==== Provided material

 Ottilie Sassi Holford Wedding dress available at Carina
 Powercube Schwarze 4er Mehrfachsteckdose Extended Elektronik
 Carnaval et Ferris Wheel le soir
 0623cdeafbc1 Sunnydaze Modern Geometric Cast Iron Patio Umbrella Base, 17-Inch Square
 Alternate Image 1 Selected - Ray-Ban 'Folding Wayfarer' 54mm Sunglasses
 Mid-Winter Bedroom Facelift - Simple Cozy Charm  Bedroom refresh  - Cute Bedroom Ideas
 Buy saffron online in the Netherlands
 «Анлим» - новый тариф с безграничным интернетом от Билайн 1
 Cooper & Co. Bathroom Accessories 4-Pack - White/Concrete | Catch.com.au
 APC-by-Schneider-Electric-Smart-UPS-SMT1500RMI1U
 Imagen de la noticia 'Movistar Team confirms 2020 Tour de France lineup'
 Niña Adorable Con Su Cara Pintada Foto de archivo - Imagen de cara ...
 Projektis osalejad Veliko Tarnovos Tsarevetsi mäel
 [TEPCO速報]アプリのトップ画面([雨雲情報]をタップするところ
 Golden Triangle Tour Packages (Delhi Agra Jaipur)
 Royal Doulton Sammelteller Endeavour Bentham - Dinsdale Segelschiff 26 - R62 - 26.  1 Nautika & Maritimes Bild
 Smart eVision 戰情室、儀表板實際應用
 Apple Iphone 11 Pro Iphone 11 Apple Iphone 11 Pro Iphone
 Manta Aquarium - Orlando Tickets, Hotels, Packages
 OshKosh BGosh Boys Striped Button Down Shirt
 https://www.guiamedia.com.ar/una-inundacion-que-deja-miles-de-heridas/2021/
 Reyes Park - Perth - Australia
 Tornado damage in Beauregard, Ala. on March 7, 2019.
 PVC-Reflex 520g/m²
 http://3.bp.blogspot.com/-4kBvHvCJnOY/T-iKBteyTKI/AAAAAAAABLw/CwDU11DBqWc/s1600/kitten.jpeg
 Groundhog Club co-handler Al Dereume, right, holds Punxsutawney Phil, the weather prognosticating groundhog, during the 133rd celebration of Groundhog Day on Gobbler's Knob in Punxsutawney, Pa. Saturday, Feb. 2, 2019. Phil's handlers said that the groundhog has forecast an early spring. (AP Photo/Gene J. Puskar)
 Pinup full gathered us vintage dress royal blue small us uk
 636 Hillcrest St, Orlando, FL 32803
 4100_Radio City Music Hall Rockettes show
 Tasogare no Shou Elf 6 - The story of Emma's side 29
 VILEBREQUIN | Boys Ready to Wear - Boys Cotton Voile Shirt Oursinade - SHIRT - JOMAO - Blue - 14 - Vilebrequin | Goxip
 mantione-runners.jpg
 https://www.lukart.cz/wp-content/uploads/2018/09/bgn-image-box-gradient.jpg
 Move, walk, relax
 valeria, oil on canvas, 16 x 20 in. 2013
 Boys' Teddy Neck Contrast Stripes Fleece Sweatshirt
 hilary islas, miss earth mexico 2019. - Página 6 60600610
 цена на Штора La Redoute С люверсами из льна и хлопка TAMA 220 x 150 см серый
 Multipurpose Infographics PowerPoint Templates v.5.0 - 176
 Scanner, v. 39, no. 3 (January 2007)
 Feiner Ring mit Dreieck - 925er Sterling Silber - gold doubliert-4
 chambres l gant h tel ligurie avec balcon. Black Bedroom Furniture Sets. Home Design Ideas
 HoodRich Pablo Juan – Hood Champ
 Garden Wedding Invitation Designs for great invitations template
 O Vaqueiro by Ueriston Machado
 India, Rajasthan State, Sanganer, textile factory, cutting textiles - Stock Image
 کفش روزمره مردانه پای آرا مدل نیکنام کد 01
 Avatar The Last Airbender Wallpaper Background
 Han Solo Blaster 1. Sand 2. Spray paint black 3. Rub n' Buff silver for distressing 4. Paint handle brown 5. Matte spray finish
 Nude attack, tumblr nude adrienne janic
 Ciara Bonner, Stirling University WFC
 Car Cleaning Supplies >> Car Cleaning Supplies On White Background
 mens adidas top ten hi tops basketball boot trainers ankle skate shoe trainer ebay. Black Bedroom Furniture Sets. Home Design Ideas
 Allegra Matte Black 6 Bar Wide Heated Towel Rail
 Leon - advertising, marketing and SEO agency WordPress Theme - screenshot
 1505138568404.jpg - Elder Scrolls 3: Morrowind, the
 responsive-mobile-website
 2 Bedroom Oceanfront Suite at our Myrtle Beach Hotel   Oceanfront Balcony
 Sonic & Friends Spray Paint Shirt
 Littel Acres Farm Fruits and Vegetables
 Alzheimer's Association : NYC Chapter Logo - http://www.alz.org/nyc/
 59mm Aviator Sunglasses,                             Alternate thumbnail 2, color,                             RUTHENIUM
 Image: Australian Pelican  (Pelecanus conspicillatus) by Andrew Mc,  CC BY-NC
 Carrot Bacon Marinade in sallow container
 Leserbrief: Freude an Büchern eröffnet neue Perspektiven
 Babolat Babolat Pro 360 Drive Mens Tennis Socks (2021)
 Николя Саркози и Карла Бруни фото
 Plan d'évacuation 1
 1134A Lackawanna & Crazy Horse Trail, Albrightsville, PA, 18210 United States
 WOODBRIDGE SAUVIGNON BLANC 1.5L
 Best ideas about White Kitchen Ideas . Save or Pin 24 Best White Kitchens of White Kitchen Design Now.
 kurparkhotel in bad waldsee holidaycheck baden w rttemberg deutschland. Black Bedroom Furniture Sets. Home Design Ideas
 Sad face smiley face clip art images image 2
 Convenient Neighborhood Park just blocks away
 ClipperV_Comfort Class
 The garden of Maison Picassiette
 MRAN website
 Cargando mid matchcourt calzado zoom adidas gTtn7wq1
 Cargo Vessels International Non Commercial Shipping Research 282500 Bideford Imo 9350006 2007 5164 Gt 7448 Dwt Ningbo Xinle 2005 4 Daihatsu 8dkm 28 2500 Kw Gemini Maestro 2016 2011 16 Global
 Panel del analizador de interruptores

========

From the records above, copy only the lines starting with the line that holds "Boys' Teddy Neck" and going on through the line that holds "Feiner Ring mit", exactly as written.

### [Solution to this problem]
 Boys' Teddy Neck Contrast Stripes Fleece Sweatshirt
 hilary islas, miss earth mexico 2019. - Página 6 60600610
 цена на Штора La Redoute С люверсами из льна и хлопка TAMA 220 x 150 см серый
 Multipurpose Infographics PowerPoint Templates v.5.0 - 176
 Scanner, v. 39, no. 3 (January 2007)
 Feiner Ring mit Dreieck - 925er Sterling Silber - gold doubliert-4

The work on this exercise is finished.